Problem to solve
Without the pictures, copy all of the data exactly.
=== Recorded information ===
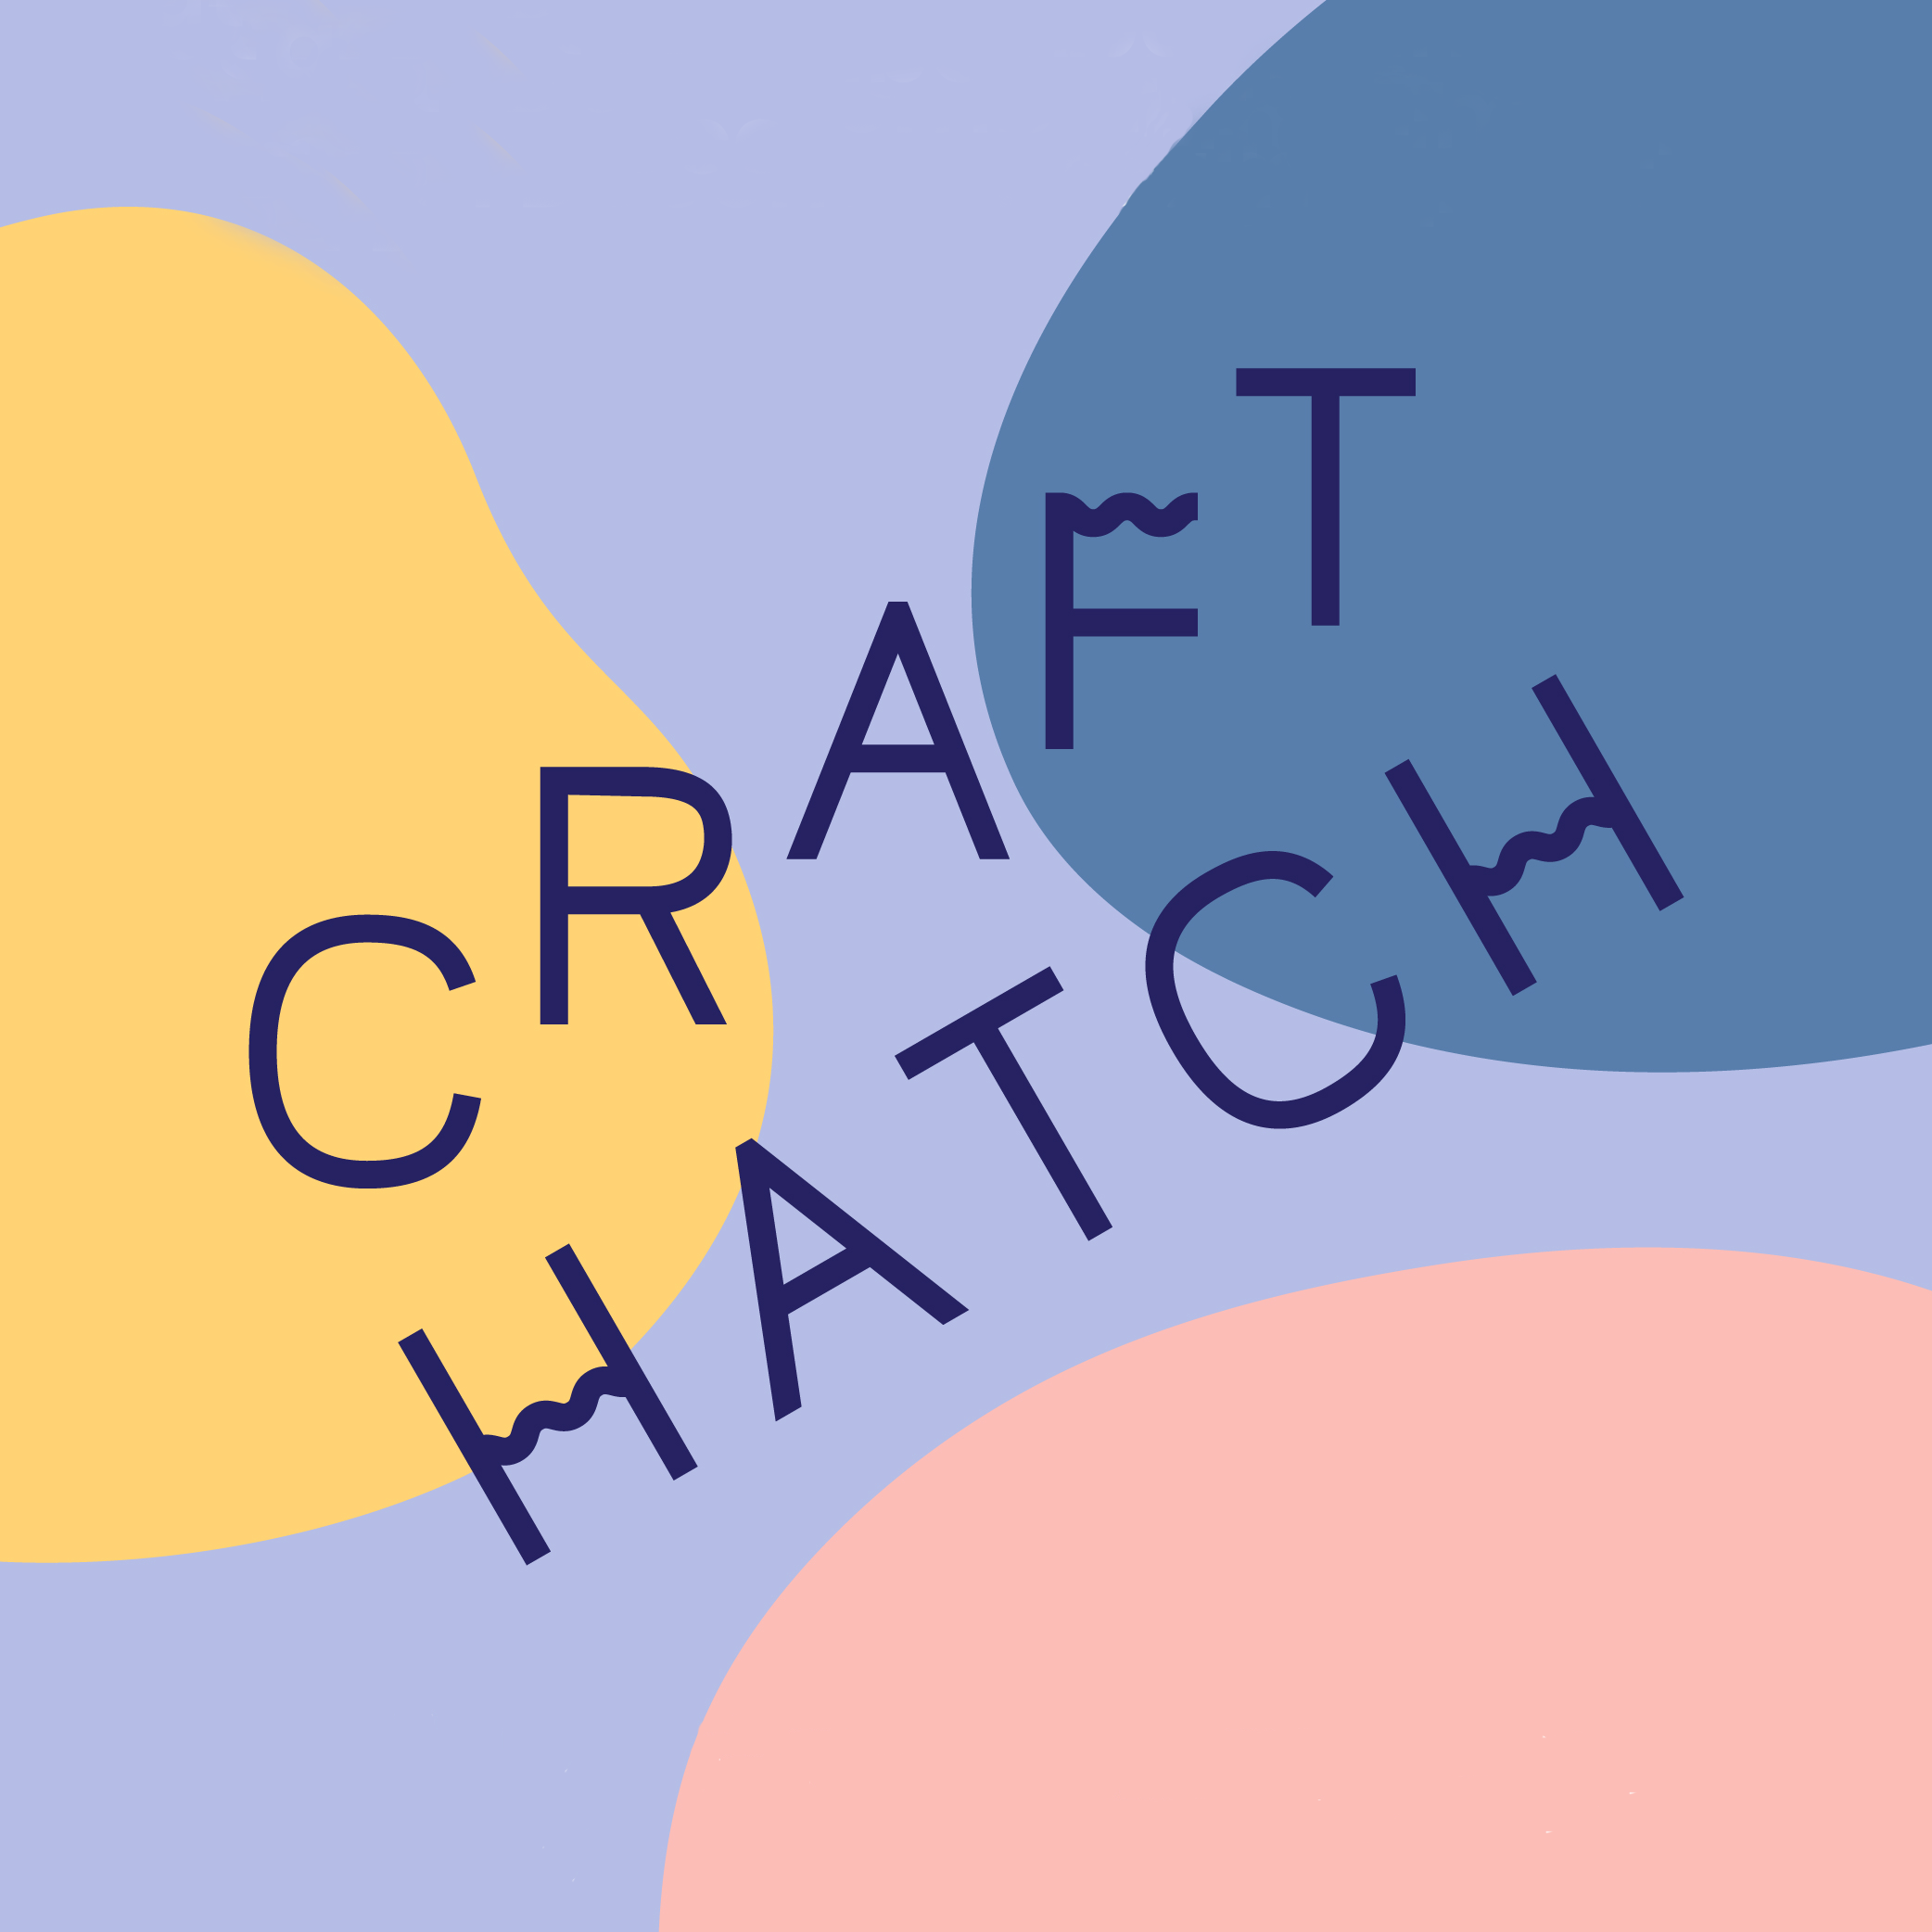 Craft_Hatch_2018_SocialMedia_Insta1new.png
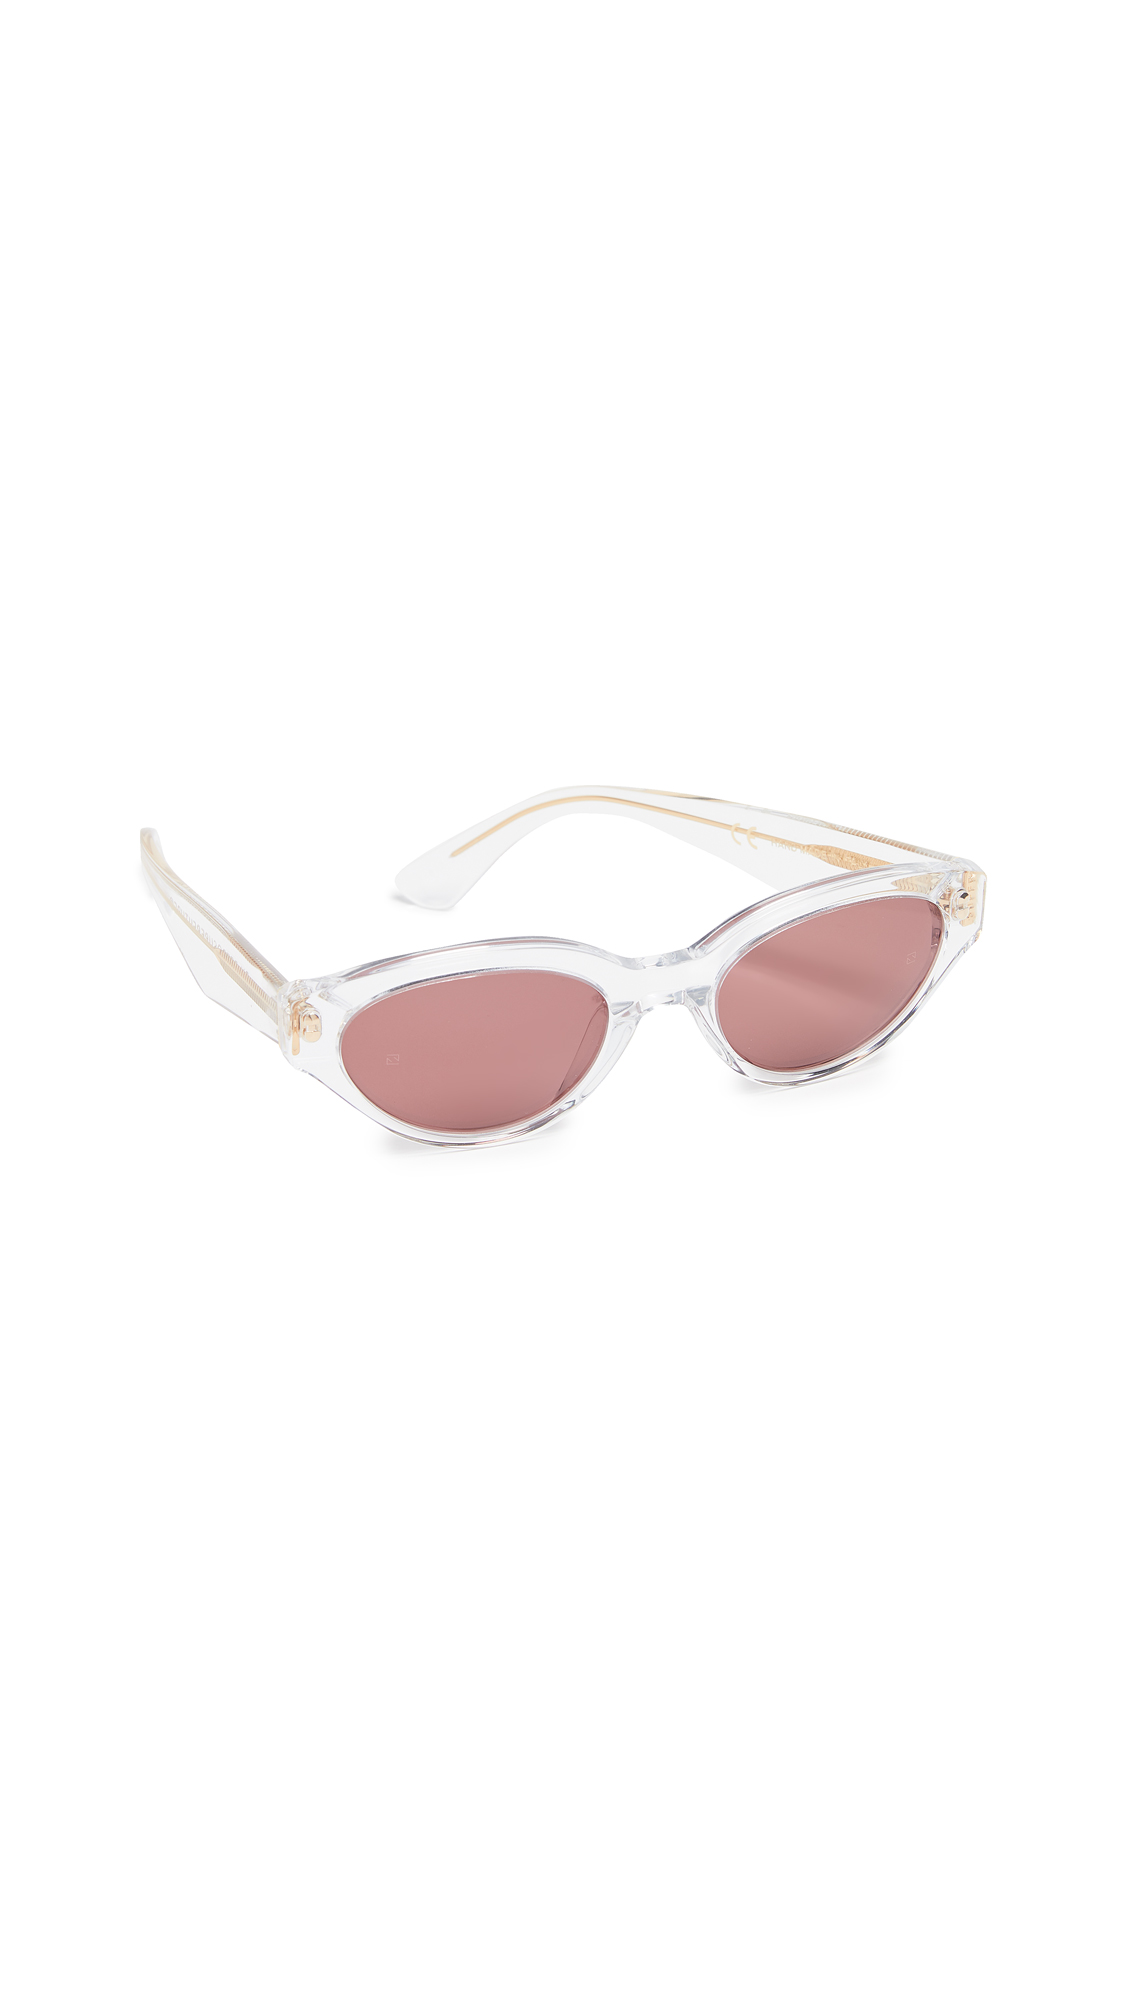 SUPER SUNGLASSES Drew Sunglasses in Crystal
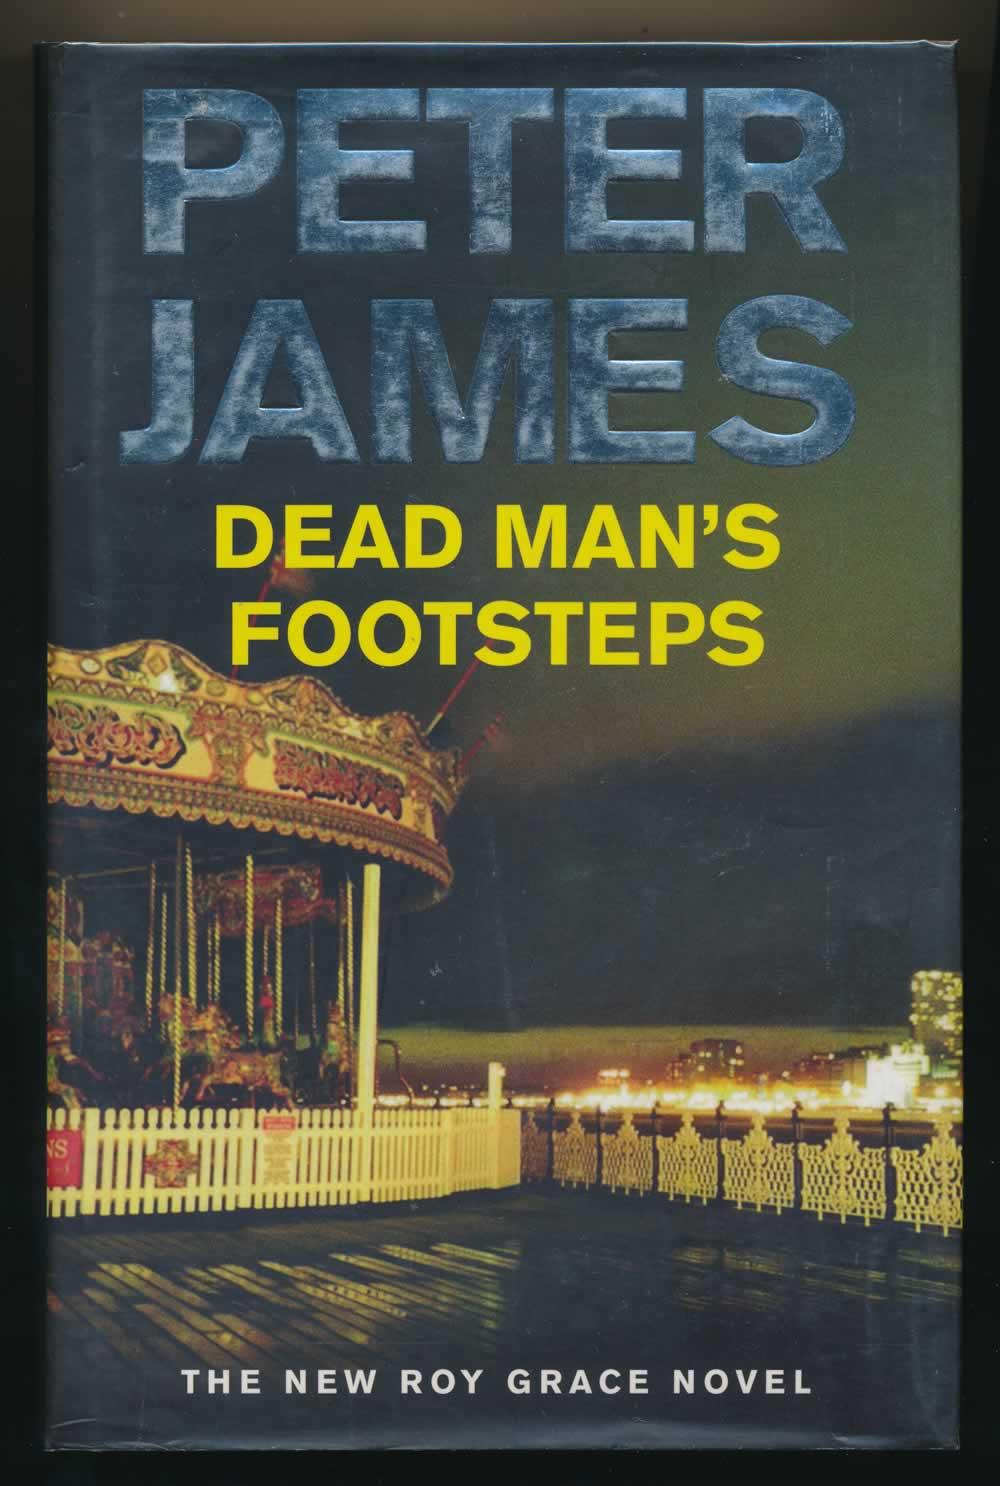 Dead man's footsteps
===
Your solution
 Craft_Hatch_2018_SocialMedia_Insta1new.png
 SUPER SUNGLASSES Drew Sunglasses in Crystal
 Dead man's footsteps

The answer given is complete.